Im Hürtgenwald wurden nach Angaben des Landes zwischen 300 und 400 Hektar Wald zerstört oder geschädigt. Es war der größte Waldbrand in Nordrhein-Westfalen seit Jahrzehnten. Zeitweise waren bis zu 1.800 Menschen aus Feuerwehren, Hilfsorganisationen, Polizei, Bundeswehr sowie Land- und Forstwirtschaft im Einsatz. Beim Brand in Sundern-Stemel waren rund acht Hektar Wald betroffen; in der Spitze bekämpften etwa 250 Einsatzkräfte das Feuer in steilem und schwer zugänglichem Gelände.

Dass noch größere Schäden verhindert werden konnten, ist ihrem mutigen und professionellen Einsatz zu verdanken.

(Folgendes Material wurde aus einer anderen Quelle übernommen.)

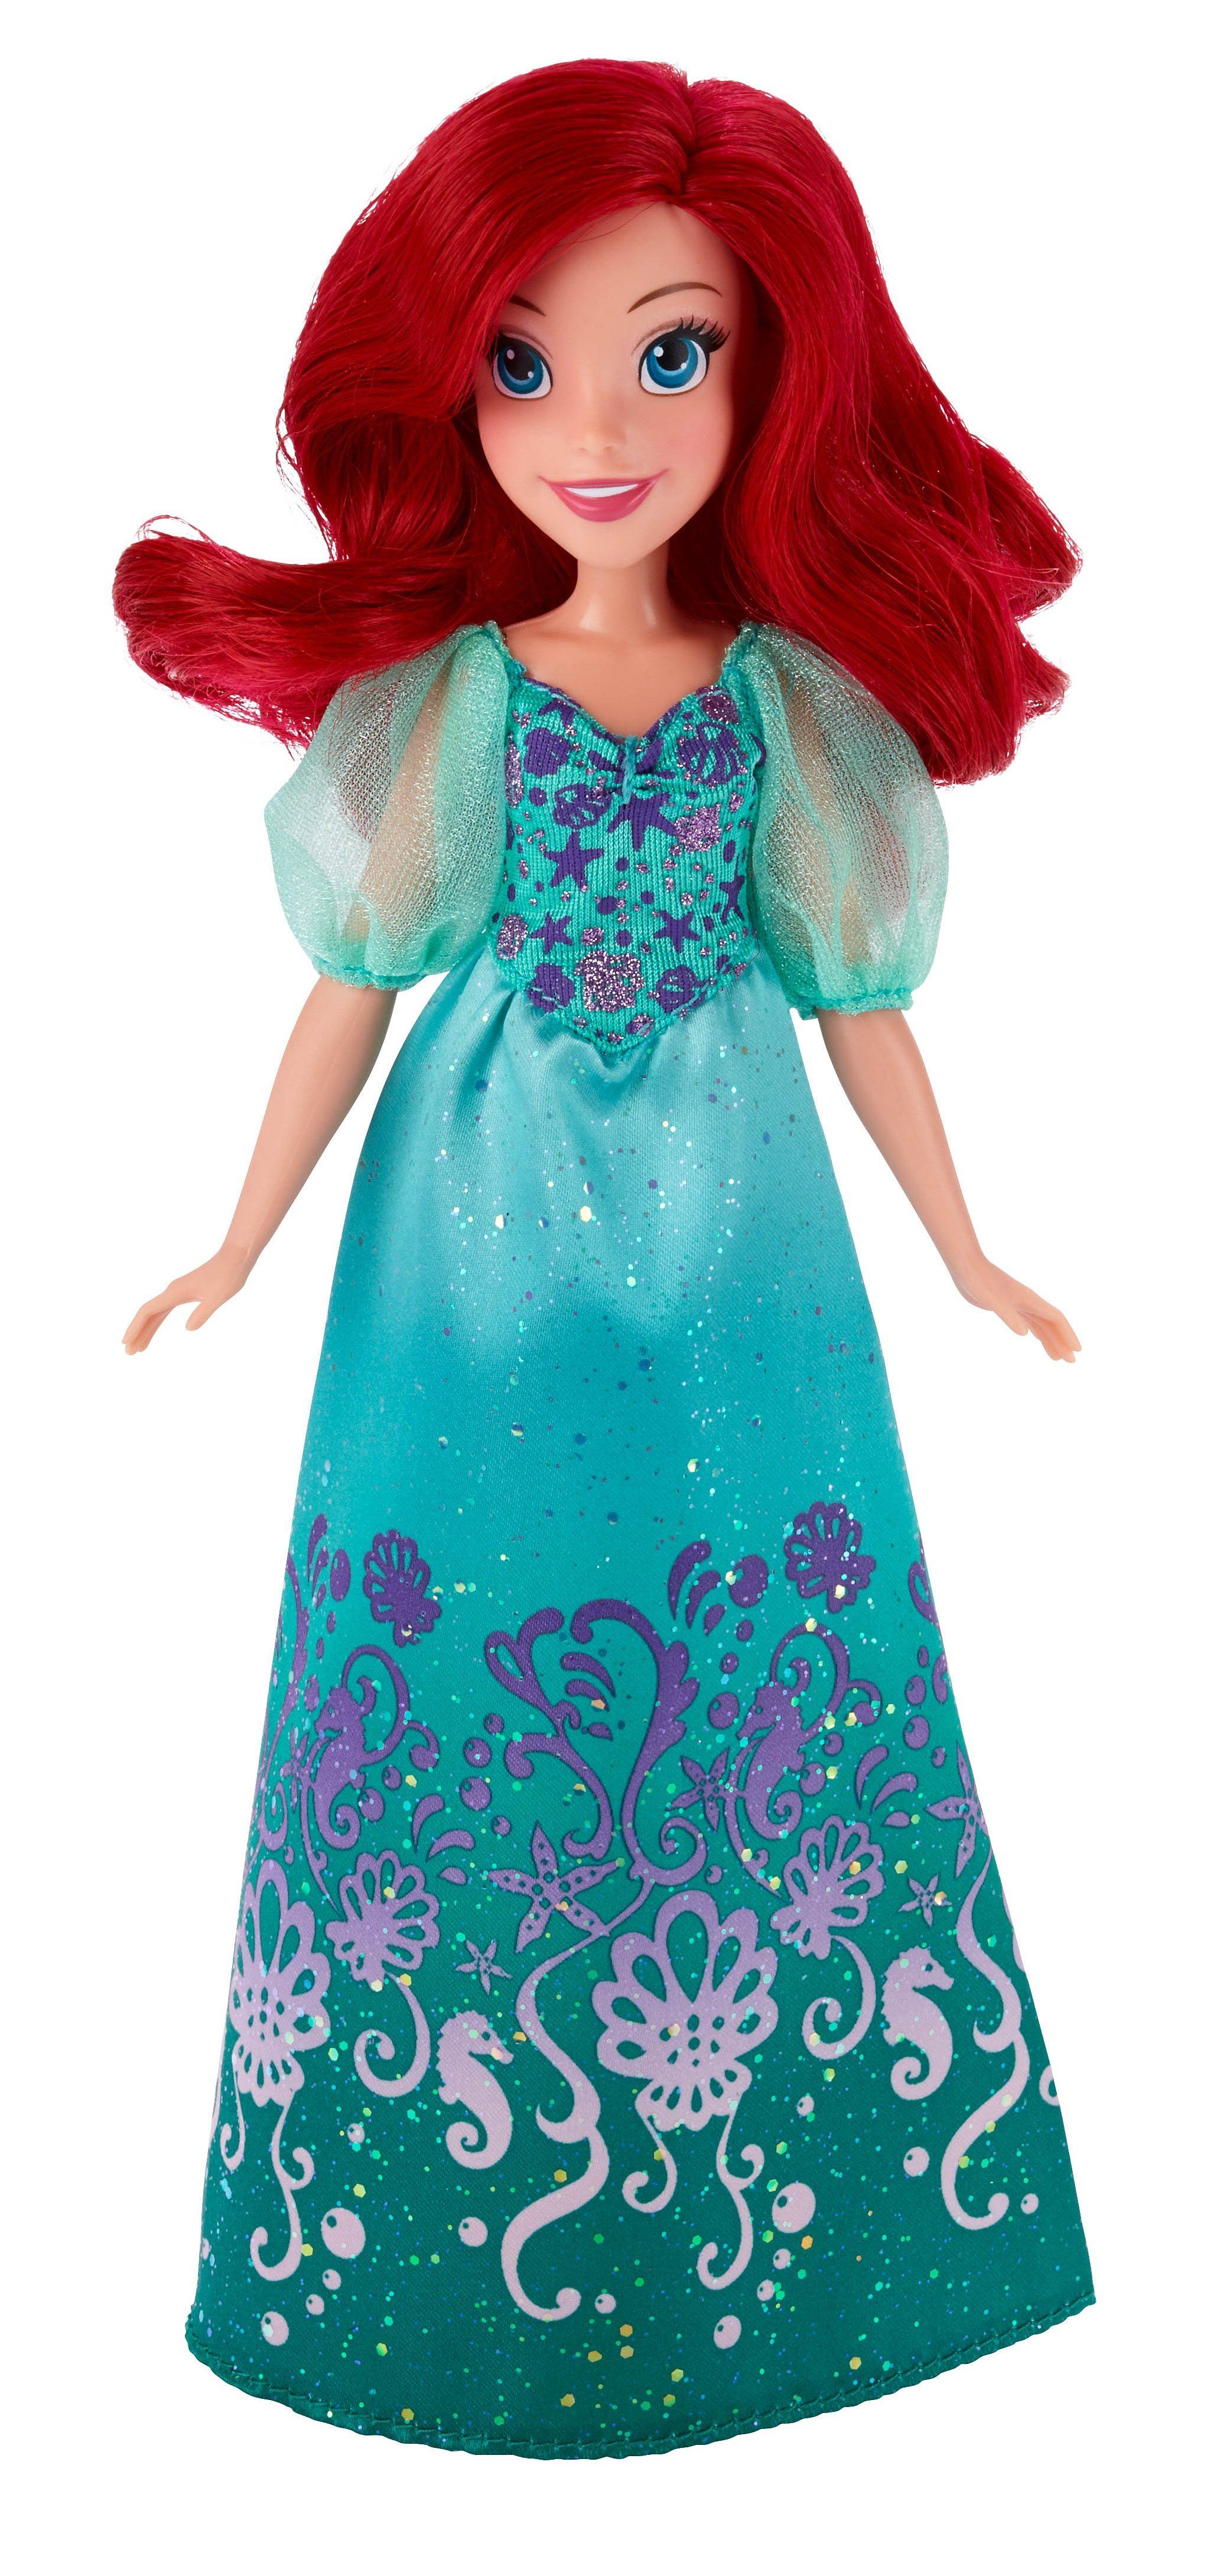 Hasbro Puppe 27 cm, »Disney Princess - Schimmerglanz Arielle«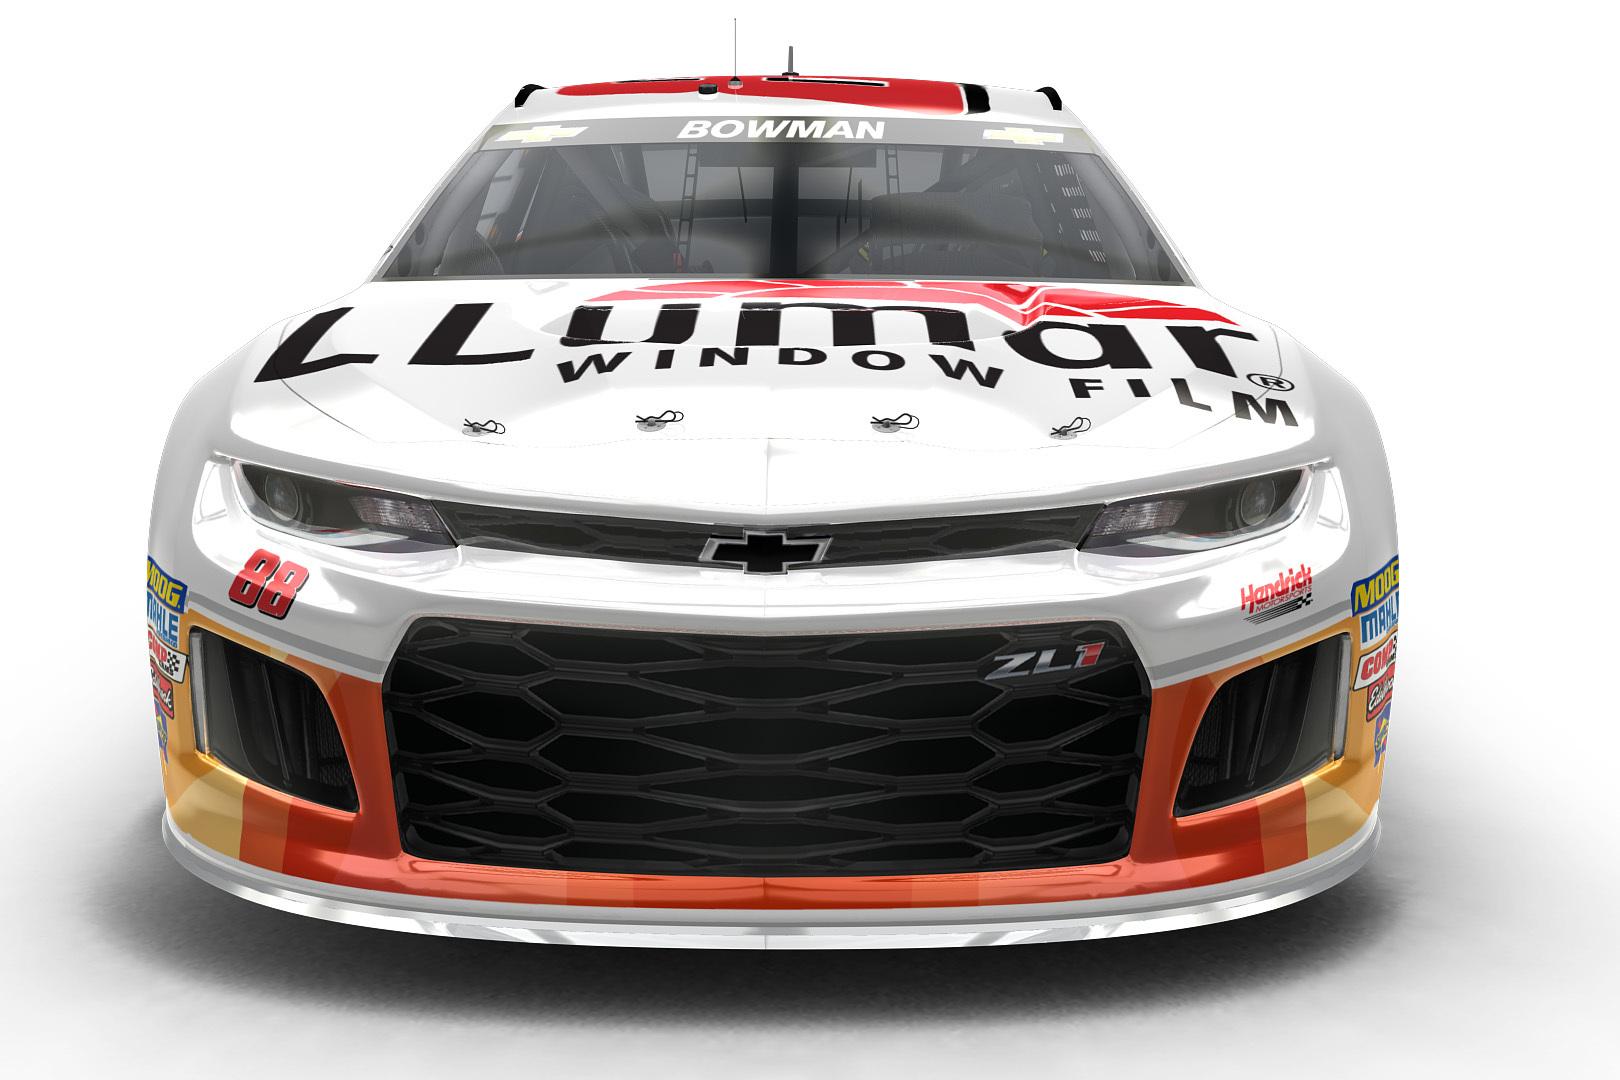 Brand-new LLumar paint scheme released | Hendrick Motorsports

„Ich habe Hochachtung vor den vielen Einsatzkräften!”, erklärt Dirk Bachhausen, Volt-Landtagskandidat für Köln-Chorweiler. „Dieser Einsatz hat erneut gezeigt, wie unverzichtbar unsere Feuerwehren und Hilfsorganisationen sind. Dank allein reicht jedoch nicht. Das Land muss dafür sorgen, dass die Einsatzkräfte die Ausrüstung, Ausbildung und Unterstützung erhalten, die sie für solche Lagen benötigen.“

Waldbrände sind längst kein fernes Problem mehr

Waldbrände hat es in Deutschland schon immer gegeben. Doch Hitzeperioden, trockene Böden und längere niederschlagsarme Phasen schaffen Bedingungen, unter denen sich Feuer schneller ausbreiten und schwieriger bekämpfen lassen.

Nach Angaben des Umweltbundesamtes wurden 2025 bundesweit 1.175 Waldbrände registriert. Dabei verbrannten 2.626 Hektar Wald – etwa dreimal so viel wie im langjährigen Mittel der Jahre 1991 bis 2024. Nordrhein-Westfalen gehörte gemeinsam mit Brandenburg und Niedersachsen zu den Bundesländern mit den meisten registrierten Bränden.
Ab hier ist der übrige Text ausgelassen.